Boldt attempted to clear his head, knowing this had to be something of major importance. On the occasion of their last meeting, Shoswitz had been questioning the very nature of their friendship. “I’m listening.”

“The chief is going for a stolen base. He’s facing the possibility of National Guardsmen taking over his turf, so he’s gonna smoke a couple fastballs over the plate and hope to clean out the top of the lineup.” Mention of the chief got Boldt’s heart racing. “Cleaning out the lineup” didn’t help matters. What the hell? He knew Shoswitz’s opinion of the newcomer, and feared the worst. But it was worse than even that. “What I’m telling you is, you’re not going to sleep tonight—you’re gonna be on the phone to every goddamned officer of yours, because those officers were mine not long ago, and to a man they’re the best we’ve got, and I’d hate to see you lose them.”

“Lose them?”

“He’s sending out something like a hundred health care personnel in the morning, door to door, to verify every officer’s claims of illness. Those that aren’t ill will be held in violation of the guild contract and will be terminated without pay and will forfeit all benefits, including four-oh-one Ks.”

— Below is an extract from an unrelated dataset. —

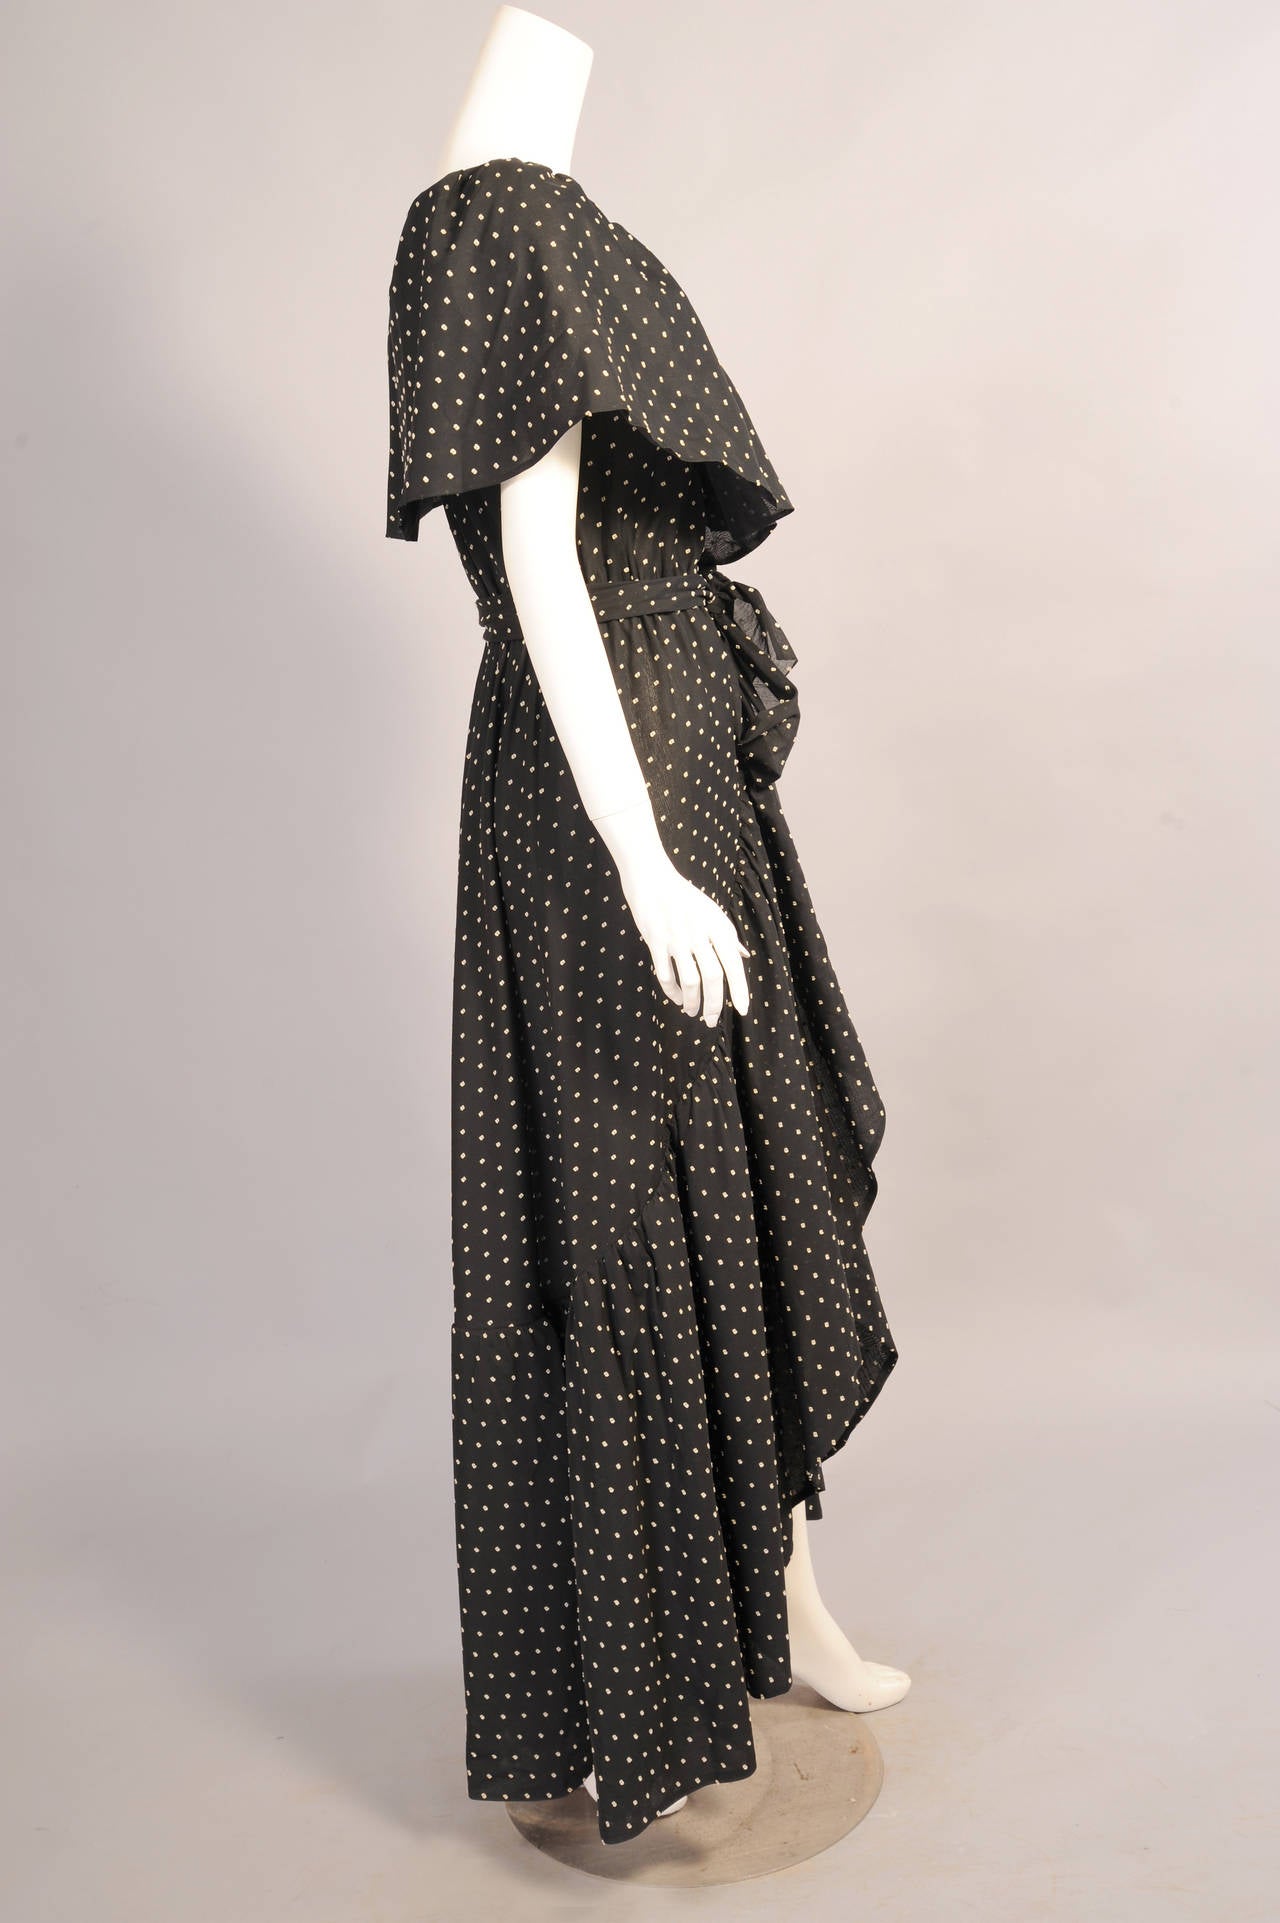 A black cotton with a white Swiss dot is used for this glamorous and sexy dress designed by Halston in the 1970's. A wide ruffle creates a cape look on the bodice of the sleeveless dress. There are hooks and eyes at the elasticized waistline and the
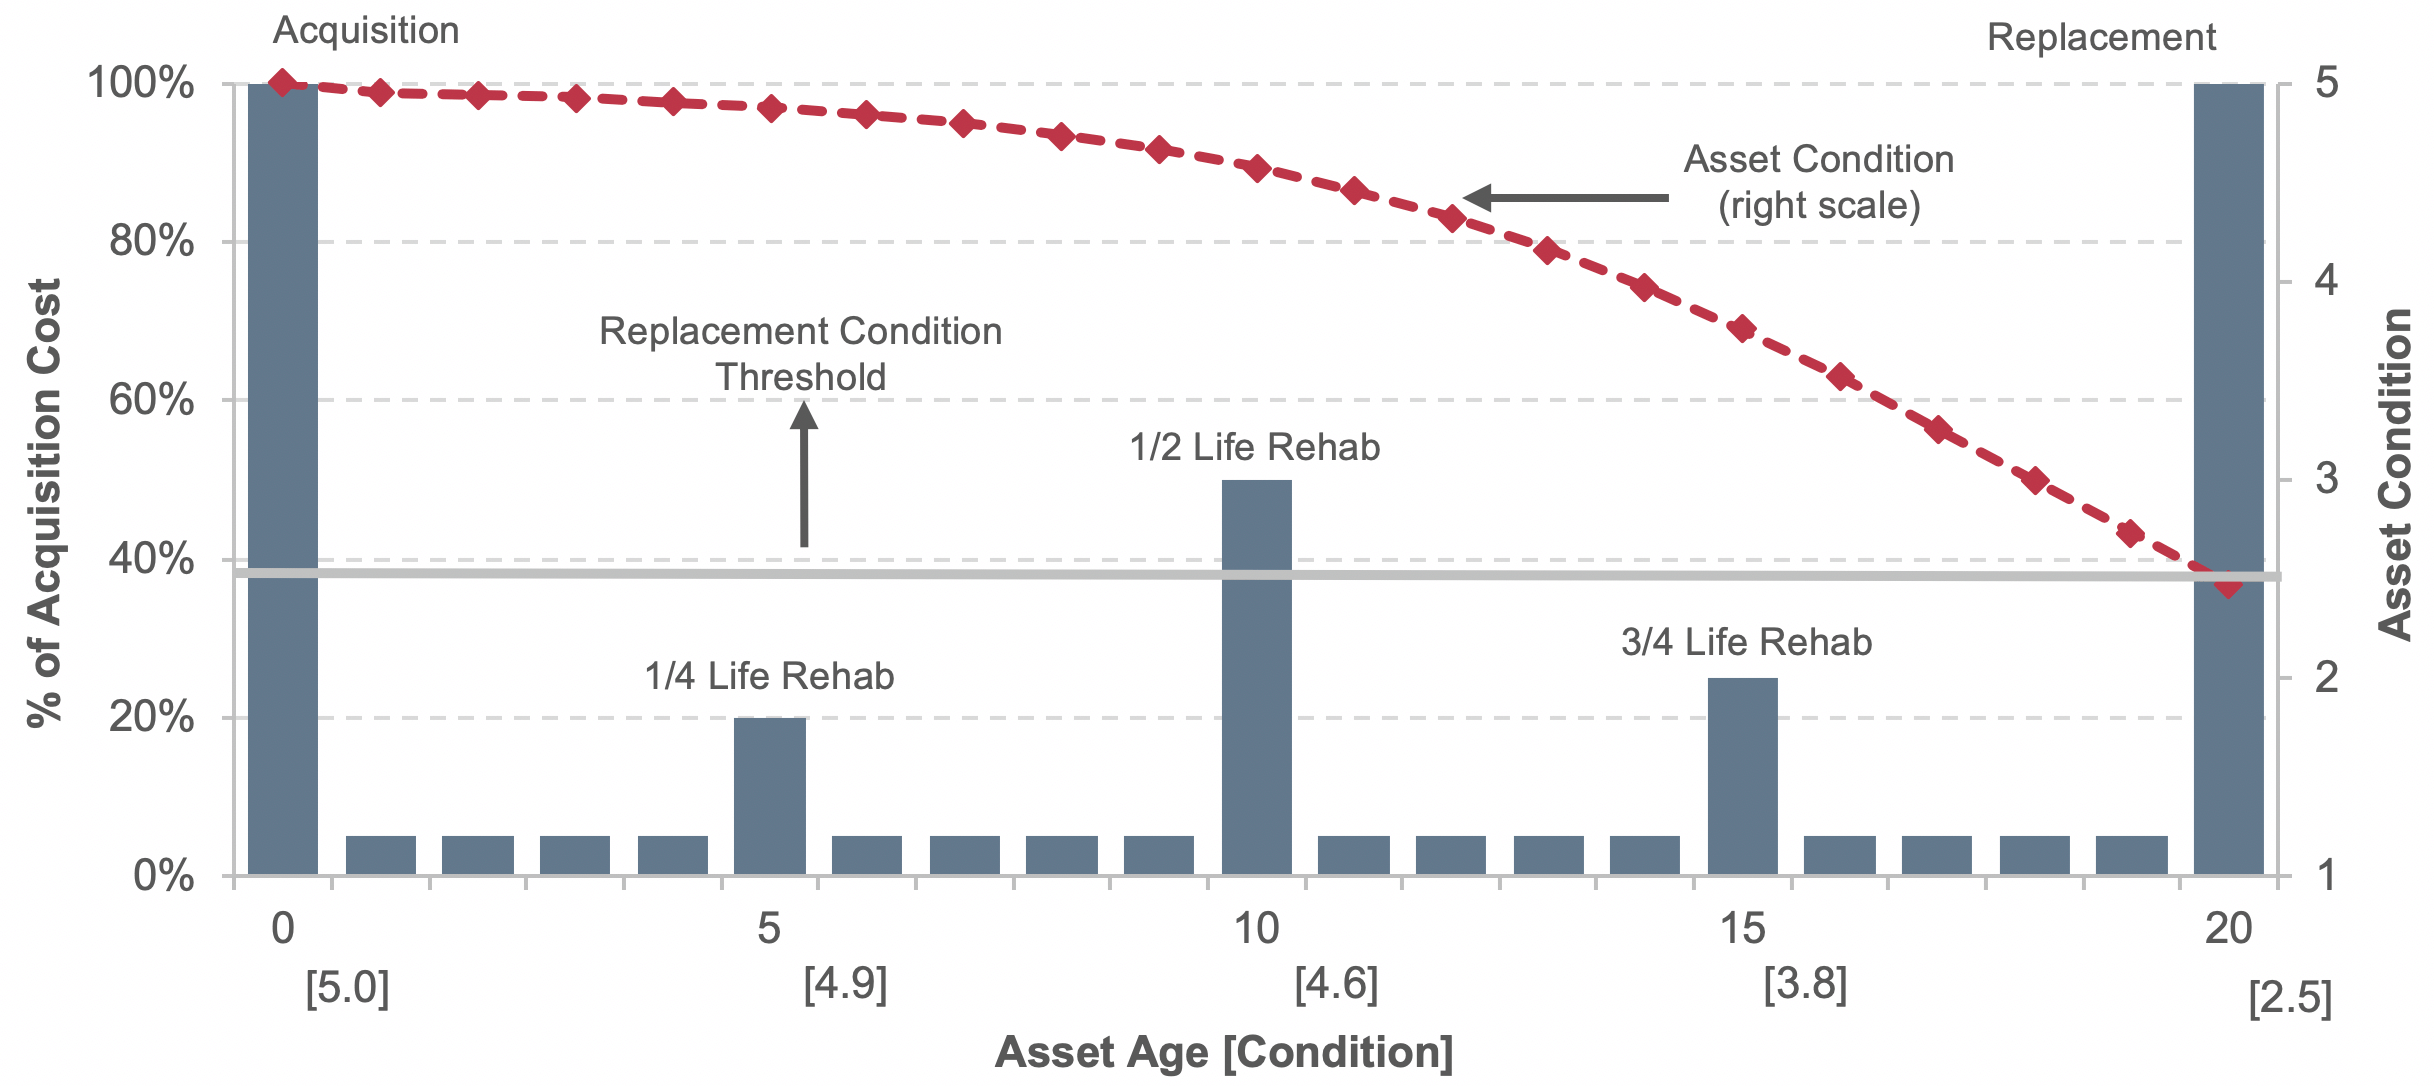 A bar chart plots percent of acquisition cost over asset age from 0 to 20 years. On the same graph, a secondary vertical axis plots a line graph of asset condition over asset age from 0 to 20 years. Asset condition follows a downward trend while percent of acquisition costs fluctuates from 0 to 20 years. Acquisition occurs at an asset age of 0 years with acquisition cost at 100 percent and an asset condition of 5.0. A quarter life rehab occurs at an asset age of 5 years with acquisition cost at roughly 20 percent and an asset condition of 4.9. A half-life rehab occurs at an asset age of 10 years with acquisition cost at roughly 50 percent and an asset condition of 4.9. A three-quarter life rehab occurs at an asset age of 15 years with acquisition cost at roughly 25 percent and an asset condition of 3.8. Replacement occurs at an asset age of 20 years with acquisition cost back to 100 percent and an asset condition of 2.5. The graph also shows the replacement condition threshold at an asset condition of 2.5.

The static sat heavily on the open line. The implications were enormous: the chief would break the guild and restructure SPD in a matter of hours. Boldt could foresee a string of lawsuits stretching out over years, and a younger more vital police department for its newly installed chief. With the guild broken, he could negotiate new levels of pay and recruit from across the country, possibly cutting a deal with King County Police in the process and bringing the two departments under one roof. “Oh, my God,” Boldt muttered into the phone.